** INFORMATION GIVEN **
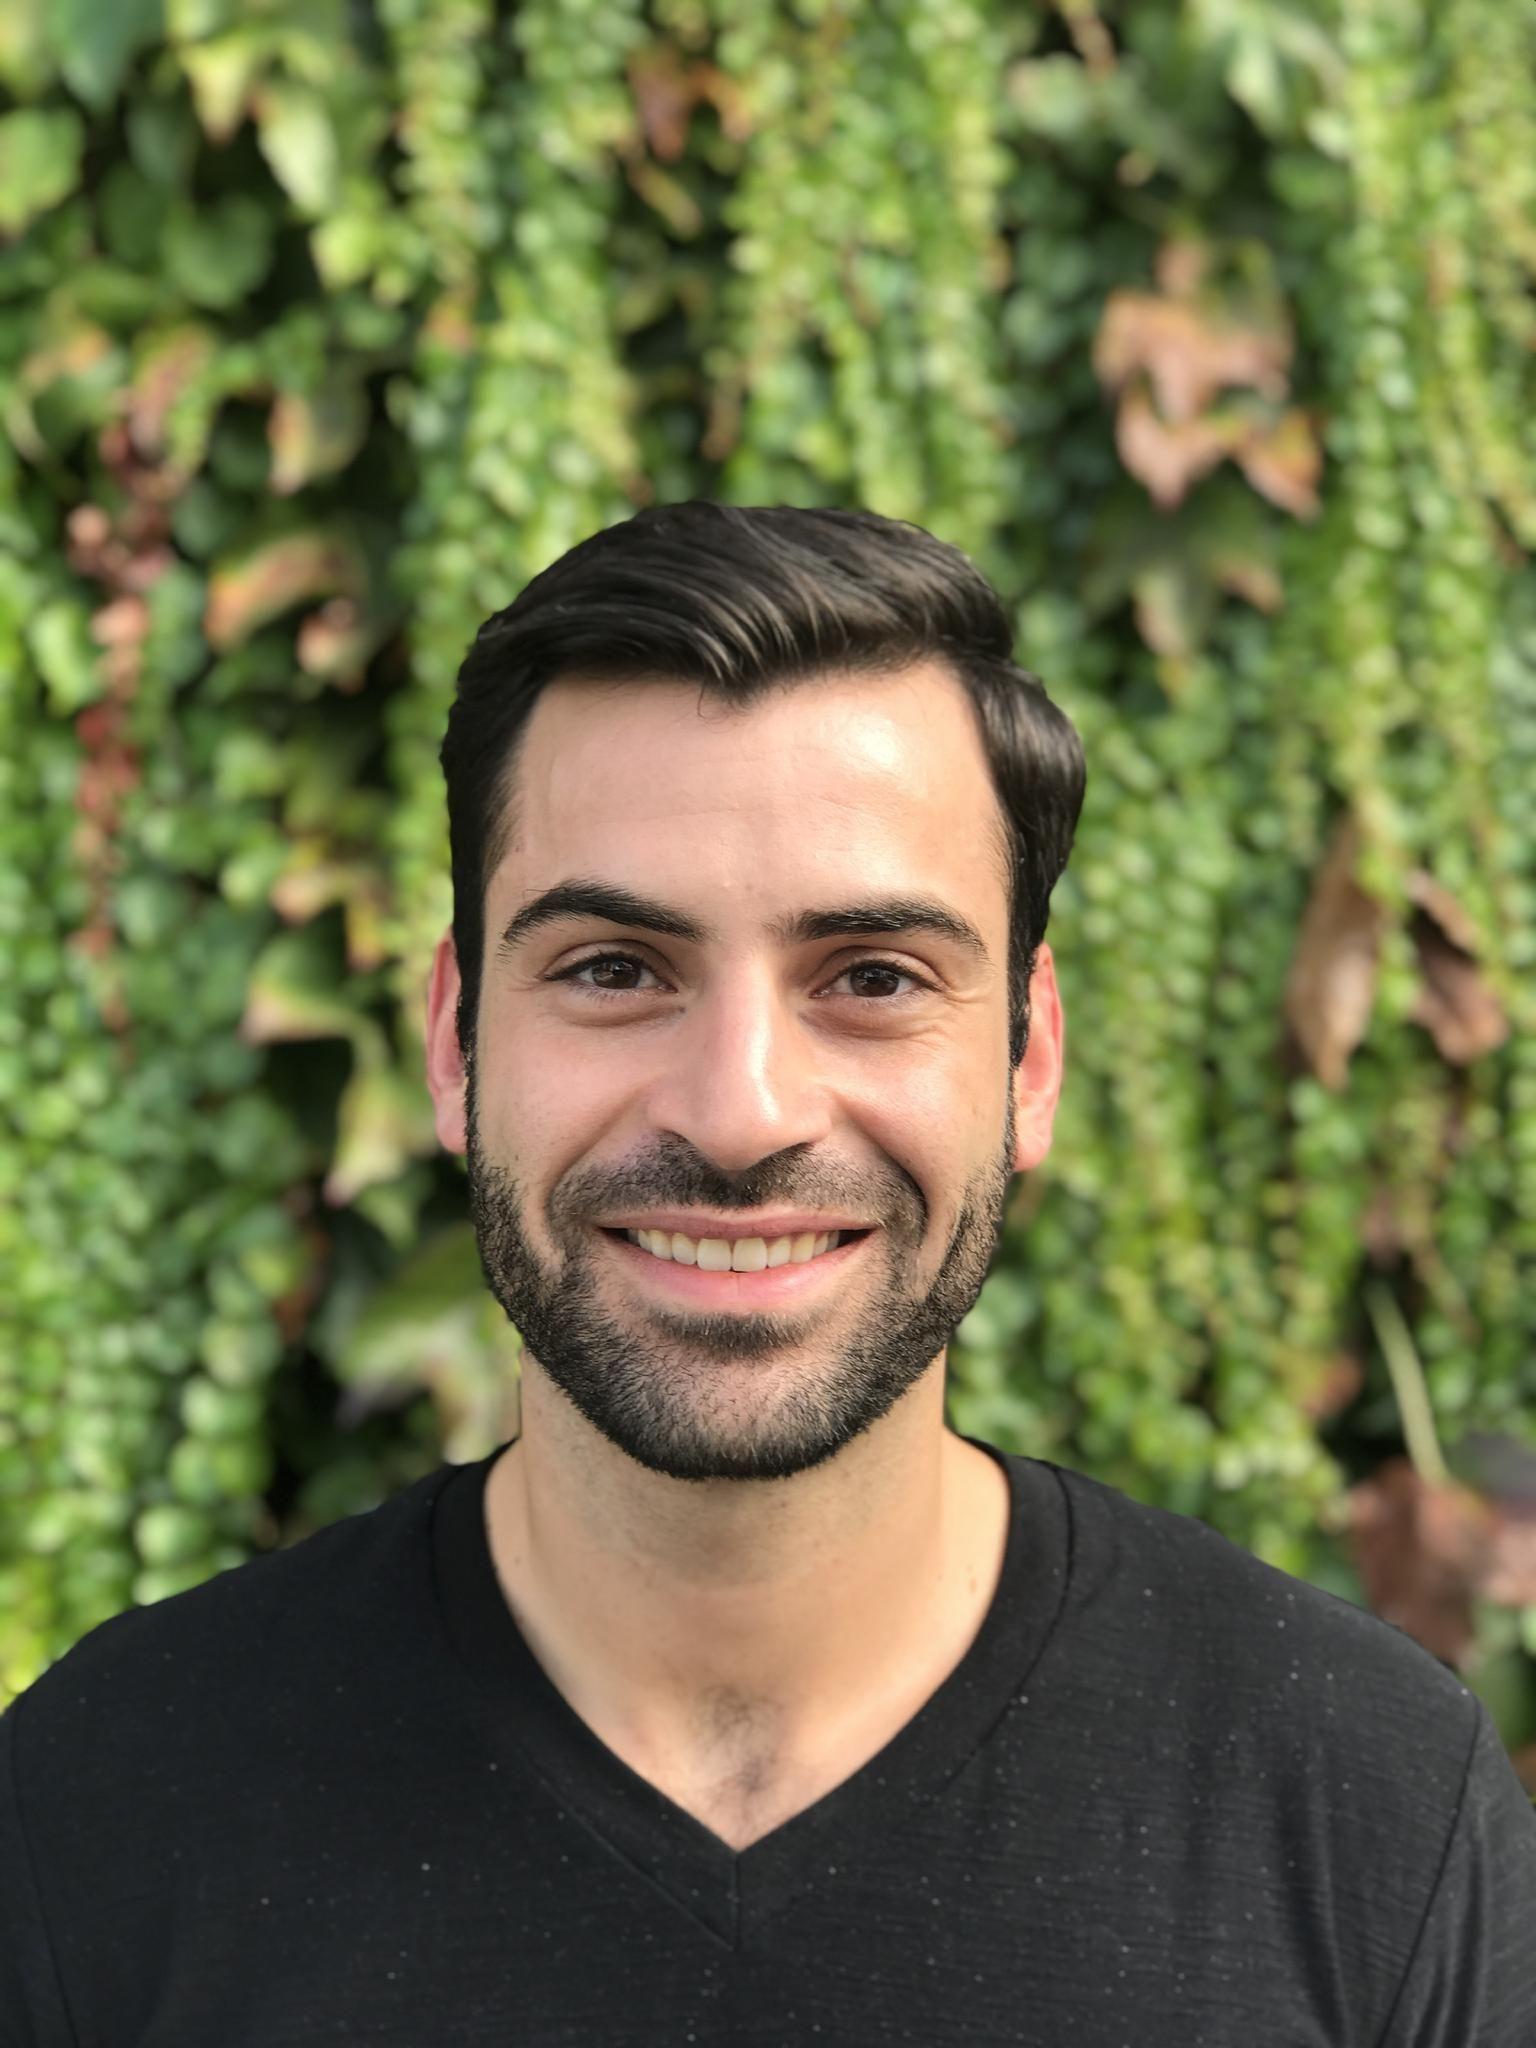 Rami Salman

==

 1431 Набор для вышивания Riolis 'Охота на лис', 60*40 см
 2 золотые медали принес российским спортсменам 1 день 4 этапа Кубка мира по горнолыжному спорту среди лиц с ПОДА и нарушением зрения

==

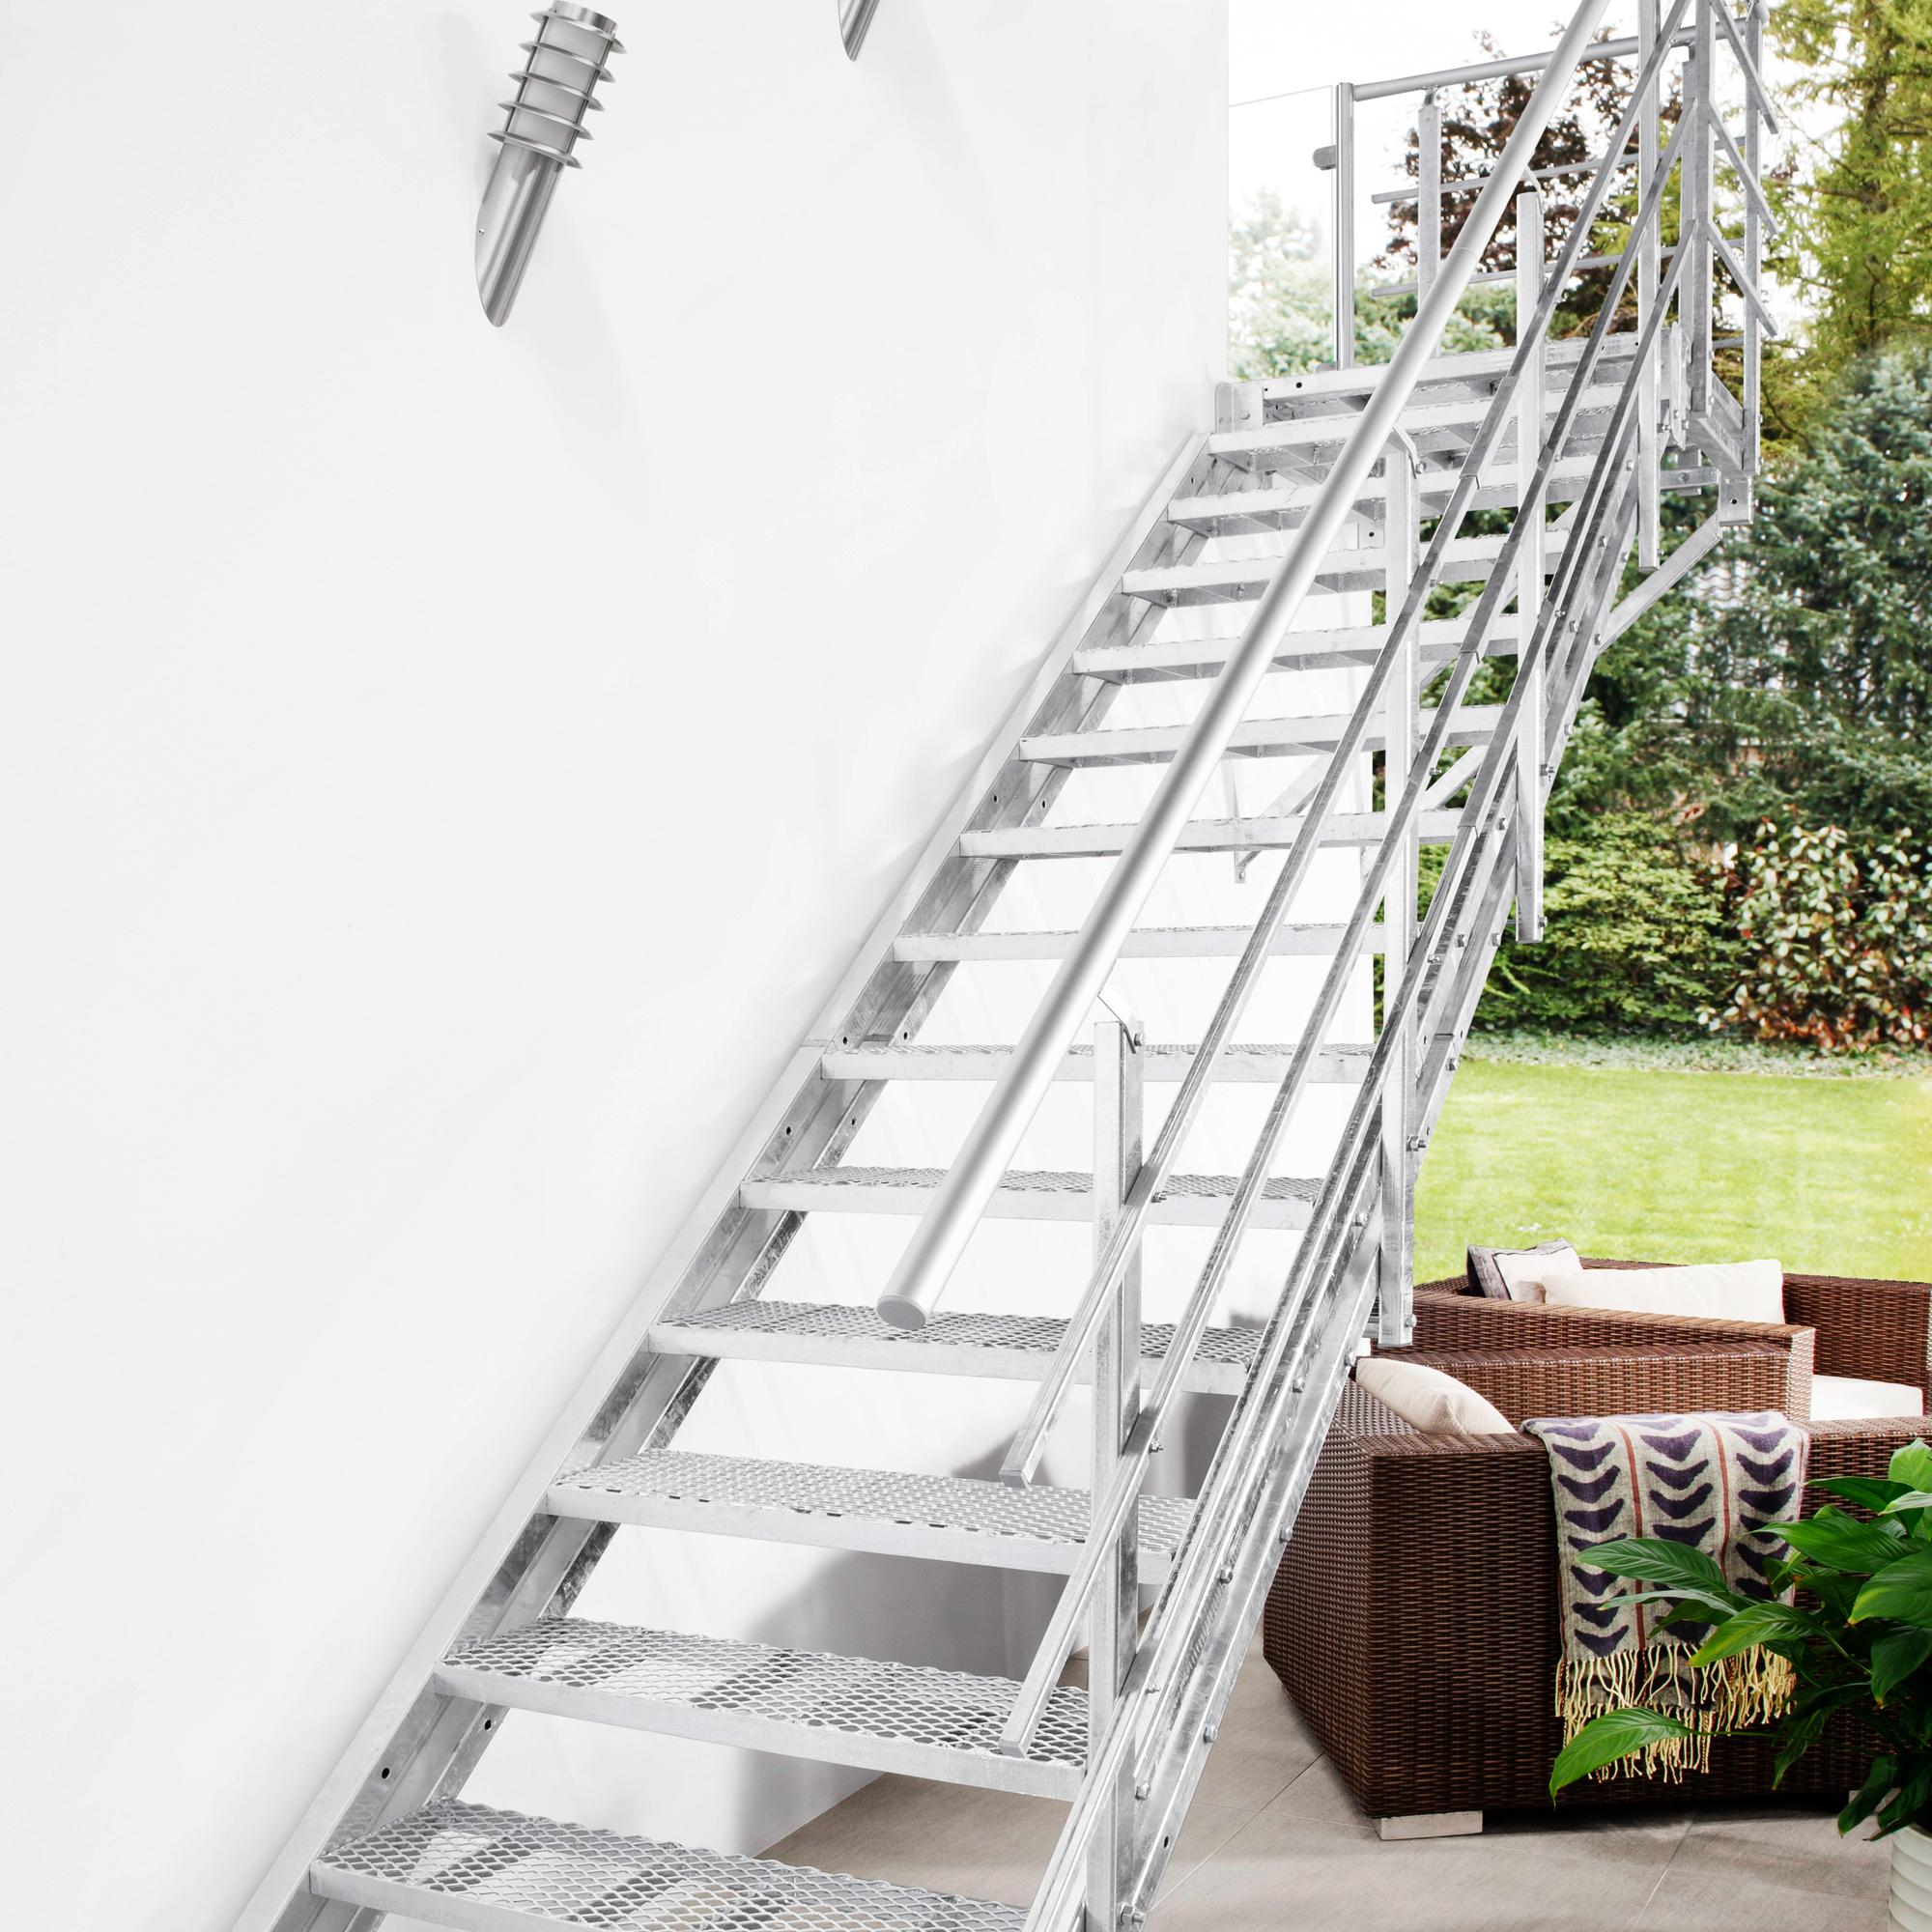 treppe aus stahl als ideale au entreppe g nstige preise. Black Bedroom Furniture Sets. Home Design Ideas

** ACTIVITY **
The reply should hold only the lines of the listing above starting at the line containing "1431 Набор для" and ending at the line containing "2 золотые медали", exactly as written.

** ANSWER SPACE **
 1431 Набор для вышивания Riolis 'Охота на лис', 60*40 см
 2 золотые медали принес российским спортсменам 1 день 4 этапа Кубка мира по горнолыжному спорту среди лиц с ПОДА и нарушением зрения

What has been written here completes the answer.